Saturday, January 8, 2011

Finite State Transducers, Part 2

In my last post, I described a cool incremental algorithm for building an FST from pre-sorted input/output pairs, and how we're folding it into Lucene.

Progress! The patch on LUCENE-2792 is now committed to Lucene's trunk (eventually 4.0), so that we now use an FST to hold all terms in RAM for the SimpleText codec.

This was a great step forward, and it added the raw low-level infrastructure for building and using FSTs. But, it's really just a toy usage, since the SimpleText codec is not for production use.

I'm happy to report even more progress: we finally have a "real" usage for FSTs in Lucene! With LUCENE-2843 (now committed), we use an FST to hold the terms index in RAM.

Many operations in Lucene require looking up metadata for a requested term. This information includes the number of documents containing the term, file pointers into postings files that actually store the docIDs and positions, etc. Because there could be many unique terms, all this term metadata resides on-disk in the terms dictionary file (_X.tis).

Looking up a term is then a two-step process. First, we consult the terms index, which resides entirely in RAM, to map the requested term to a file pointer in the terms dictionary file. Second, we scan the terms in the on-disk terms dictionary file starting from that file pointer, to look for an exact match.

Certain queries, such as TermQuery, need only one exact term lookup. Others, such as FuzzyQuery or the new, very cool automaton spellchecker, which does not require a separate spellchecker index, perform many term lookups (potentially millions).

Before LUCENE-2843, in trunk, the terms index used packed byte[] and int[] arrays. In fact, this was already a huge improvement over the terms index in 3.0, but is still more wasteful than an FST since each term was stored in fully expanded form, while the FST shares common prefixes and suffixes. Getting this working also required adding separate seekFloor and seekCeil methods to the FSTEnum classes (like a SortedMap<T>).

To test this, I indexed the first 10 million 1KB documents derived from Wikipedia's English database download. The resulting RAM required for the FST was ~38% - 52% smaller (larger segments see more gains, as the FST "scales up" well). Not only is the RAM required much lower, but term lookups are also faster: the FuzzyQuery united~2 was ~22% faster.

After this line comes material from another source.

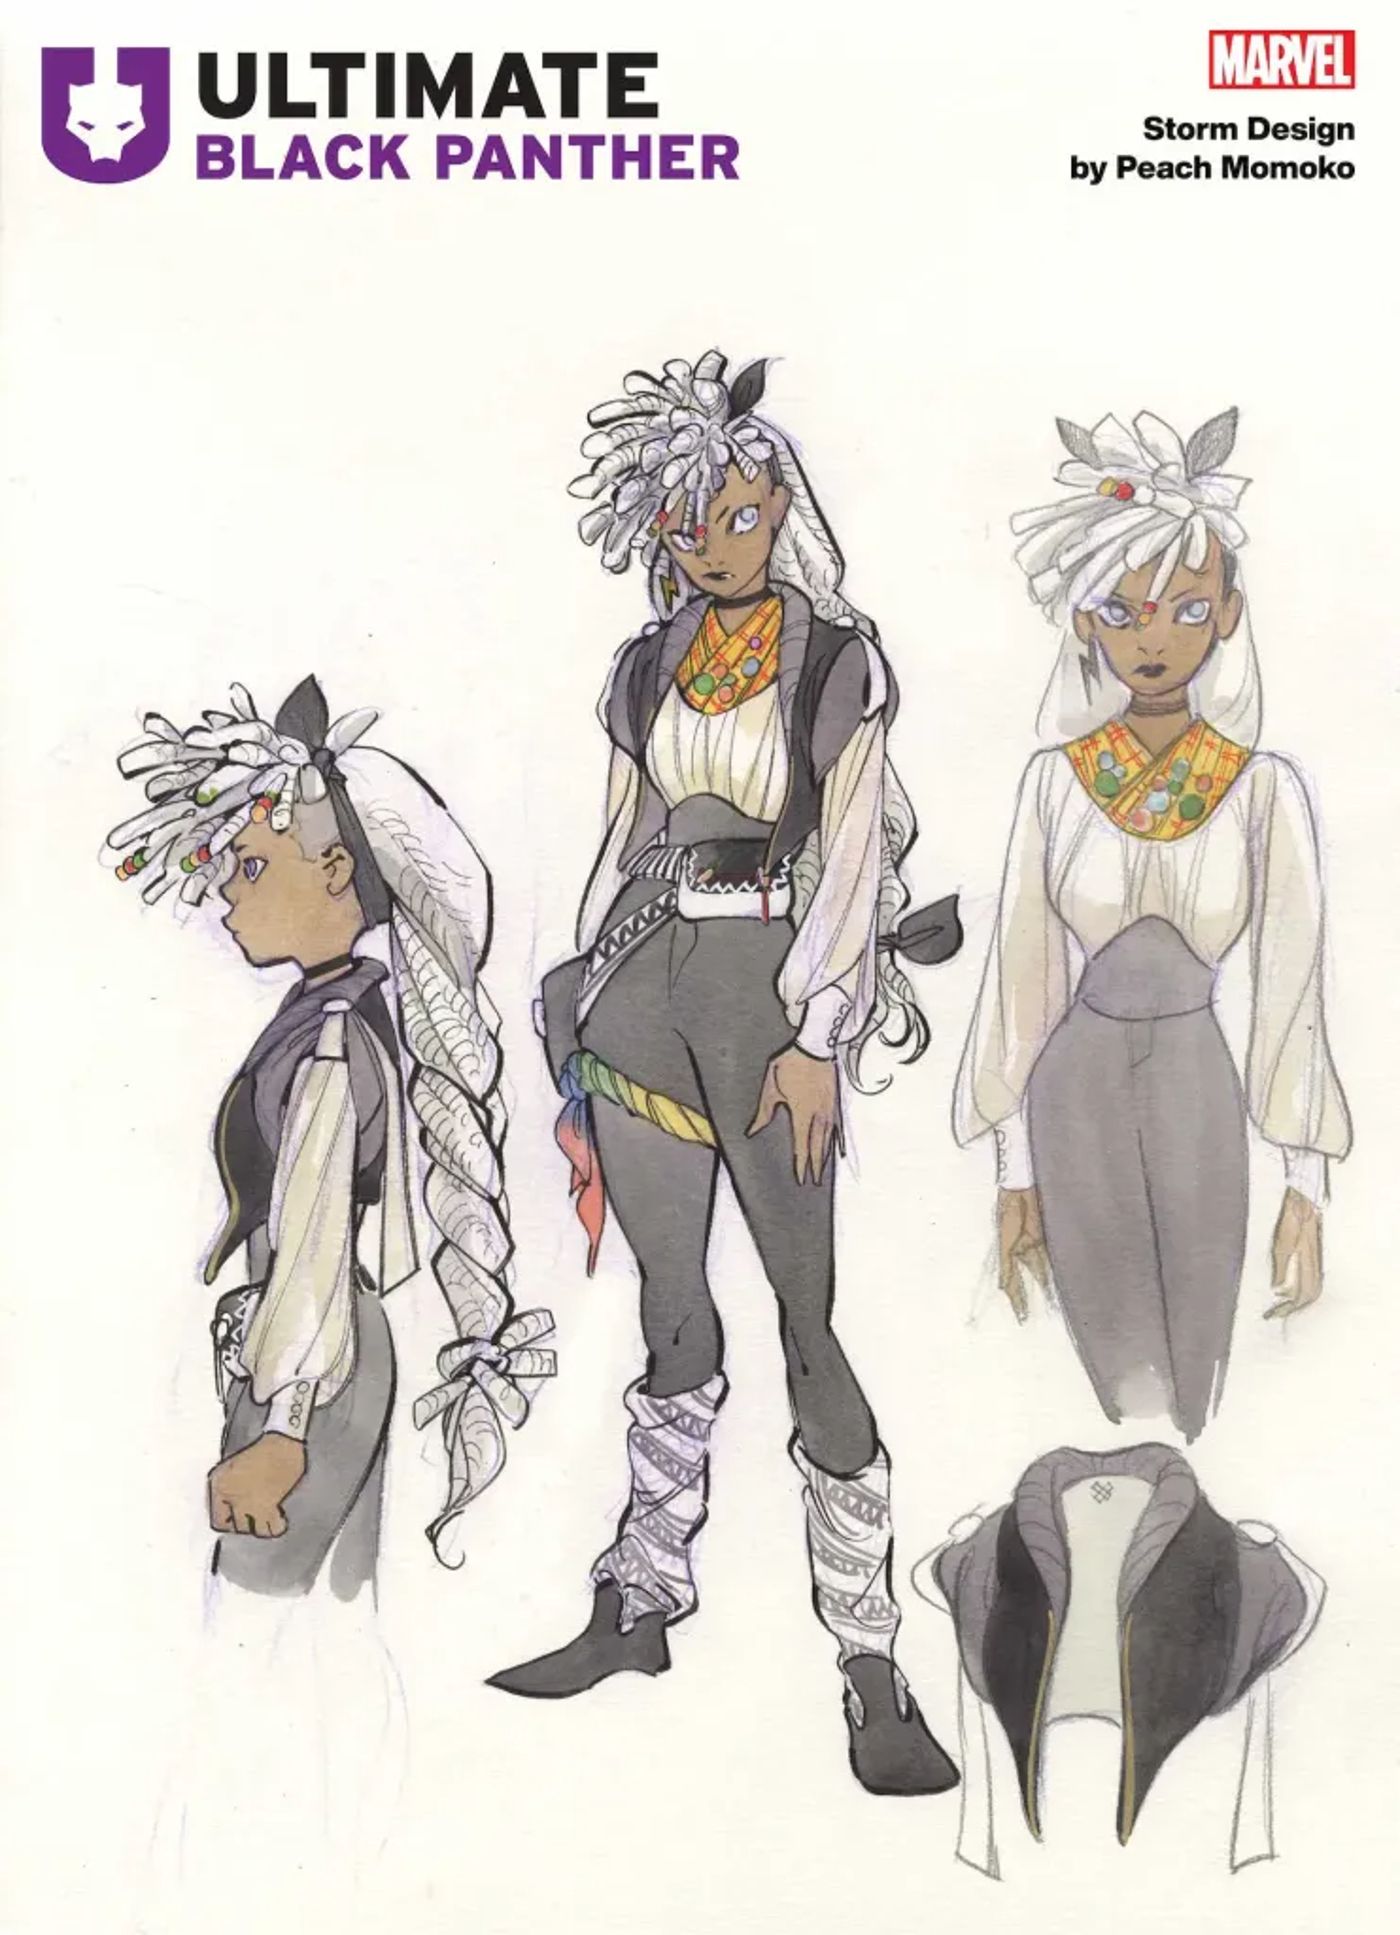 Concept art for Peach Momoko's new Ultimate version of Storm

This is very much win/win, so we've made this terms index the default for all core codecs (the terms dictionary and terms index are pluggable, so its easy for other codecs to use this as well).

There are many other ways we can use FSTs in Lucene, and we've only just scratched the surface here. In fact, FSTs offers such a sizable RAM reduction that I think for many, but not all, apps it'd be realistic to avoid the two-step term lookup process entirely and simply hold the entire terms dictionary in RAM. This should make term lookup intensive queries potentially much faster, though we'd likely have to rework them to use different algorithms optimized for iterating directly through the terms as an FST.